*Problem details*. Print the listing below only from the line that has "S26361-F3793-E515" through the line that has "Full Size of", exactly, and drop any picture.

*The input*.

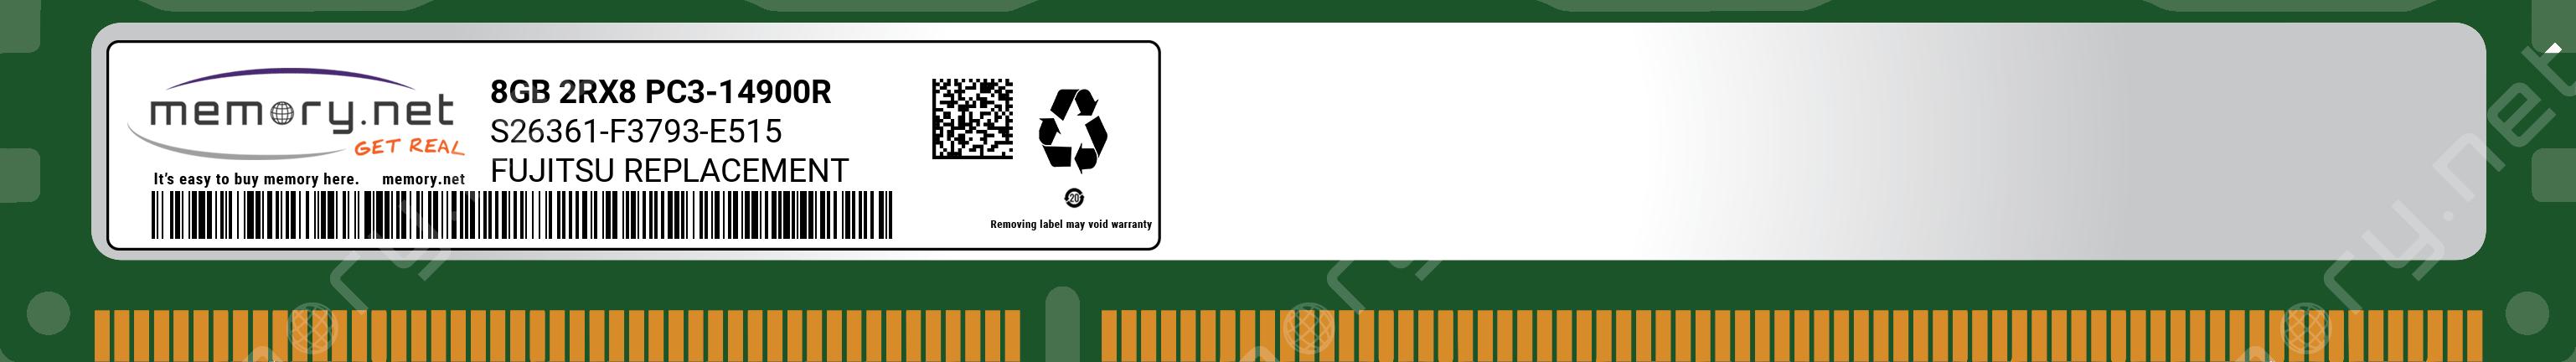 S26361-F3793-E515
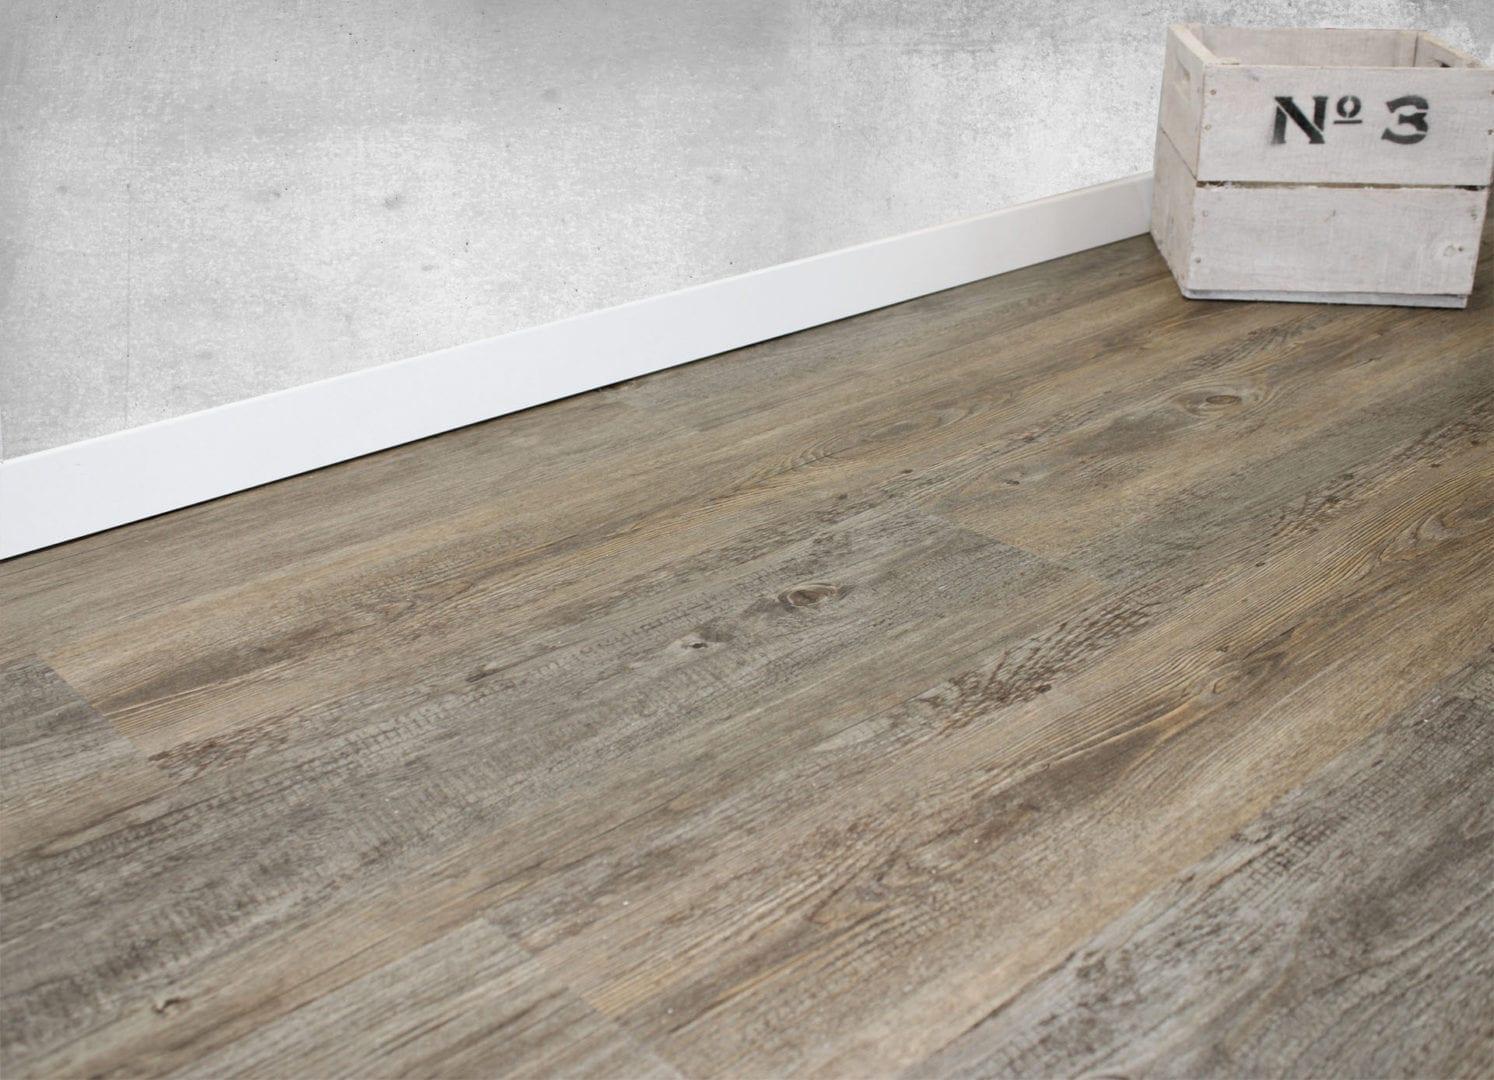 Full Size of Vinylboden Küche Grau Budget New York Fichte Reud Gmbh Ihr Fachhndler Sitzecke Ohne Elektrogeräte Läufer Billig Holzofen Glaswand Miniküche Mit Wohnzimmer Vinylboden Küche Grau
---
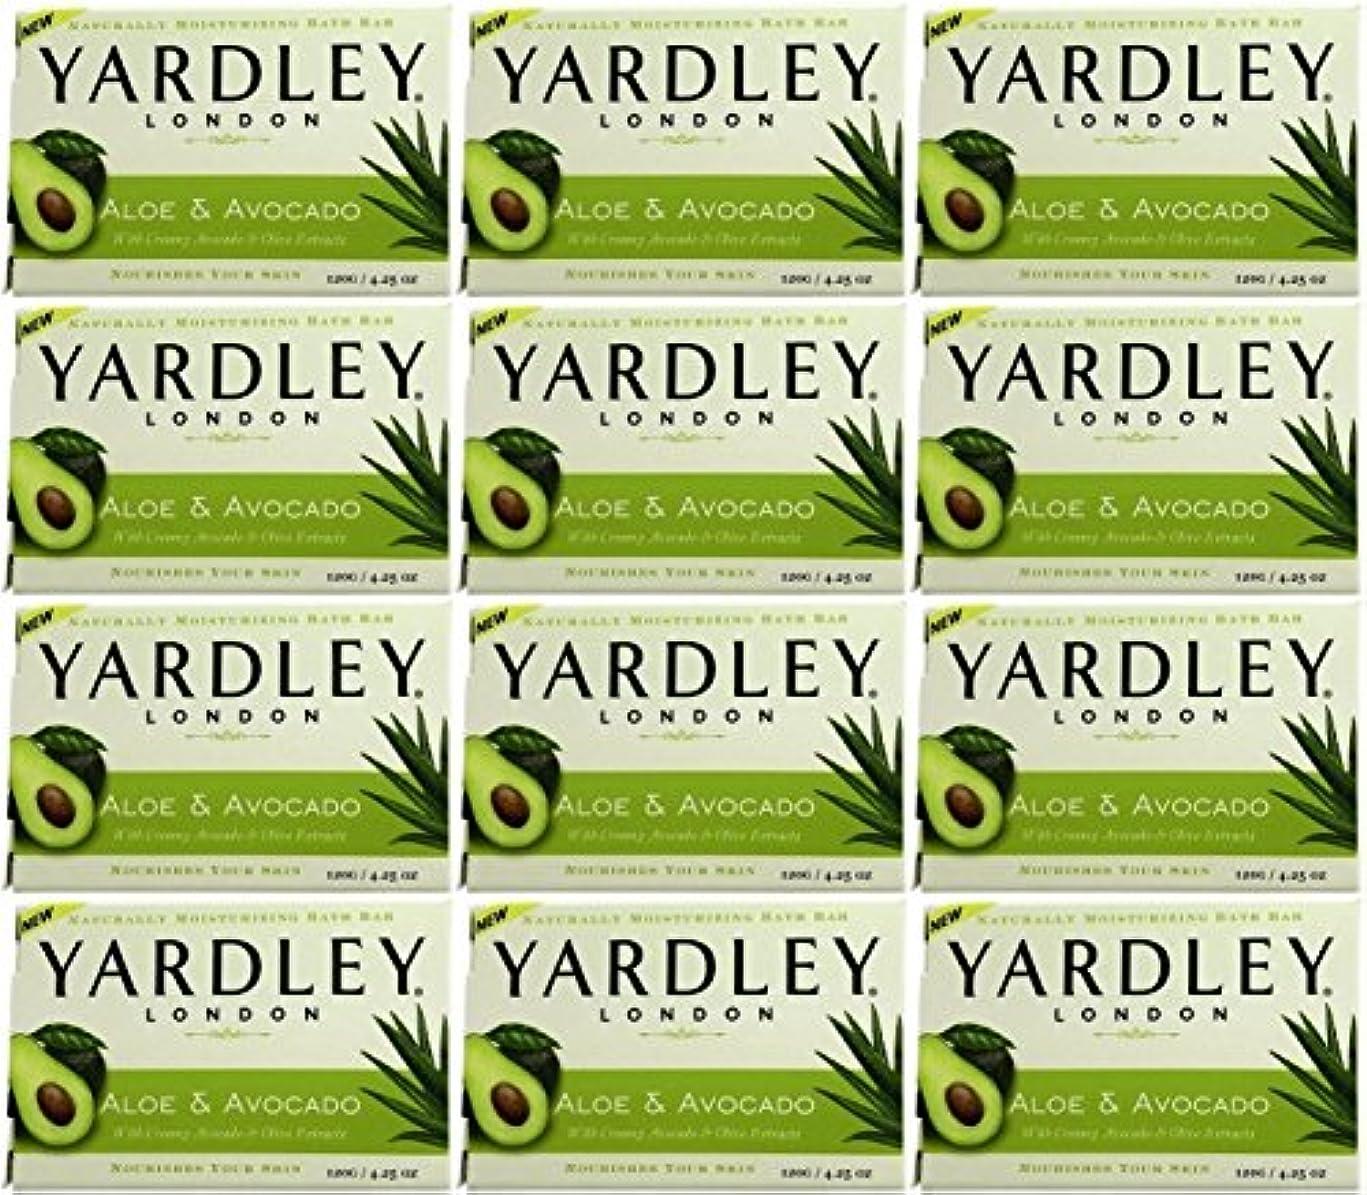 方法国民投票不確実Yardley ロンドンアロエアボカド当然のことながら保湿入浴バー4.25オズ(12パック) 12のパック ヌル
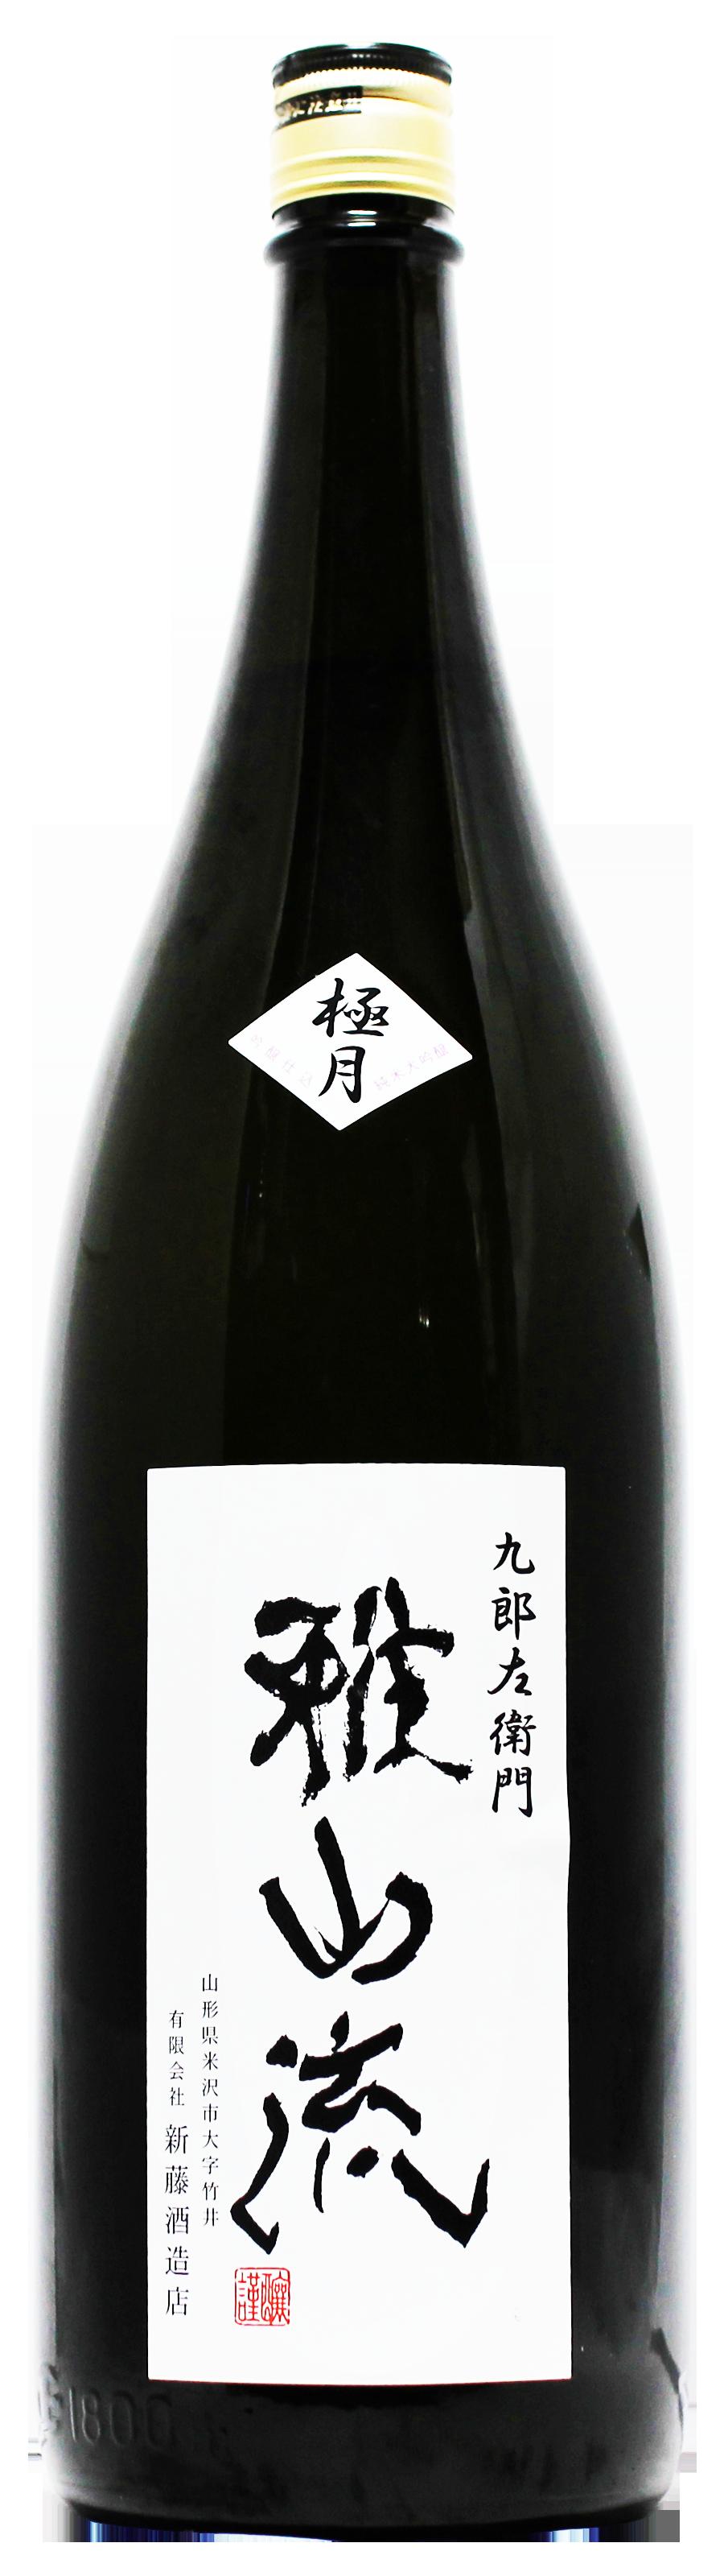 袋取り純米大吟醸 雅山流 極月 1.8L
---
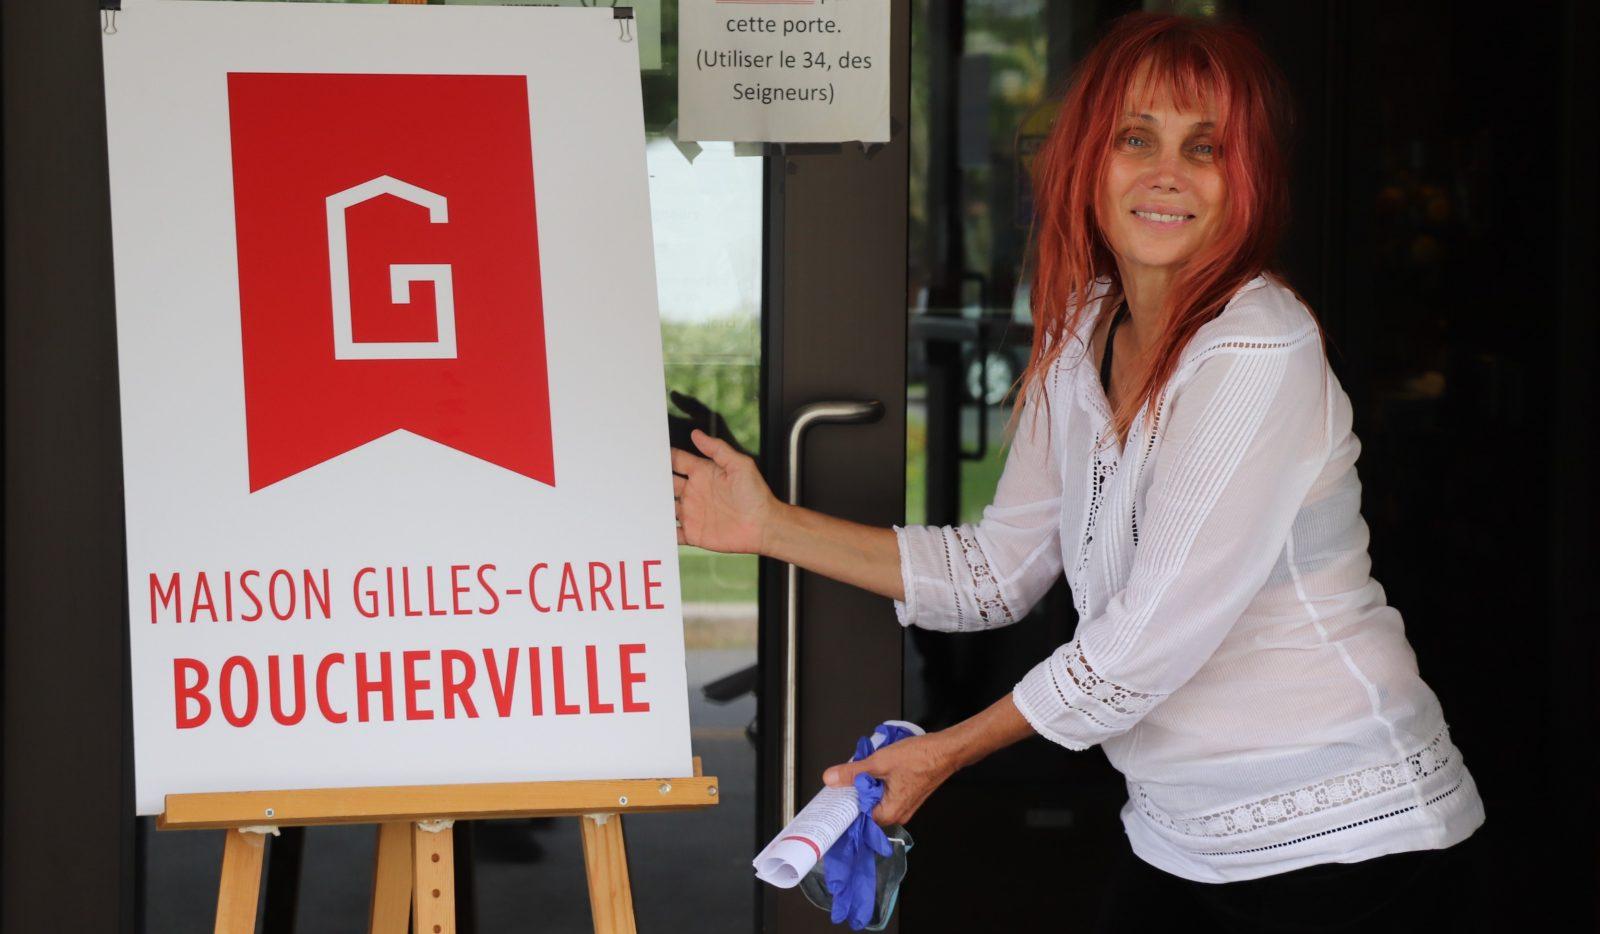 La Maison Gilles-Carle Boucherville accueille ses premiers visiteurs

*Solution for this exercise*.
 S26361-F3793-E515
 Full Size of Vinylboden Küche Grau Budget New York Fichte Reud Gmbh Ihr Fachhndler Sitzecke Ohne Elektrogeräte Läufer Billig Holzofen Glaswand Miniküche Mit Wohnzimmer Vinylboden Küche Grau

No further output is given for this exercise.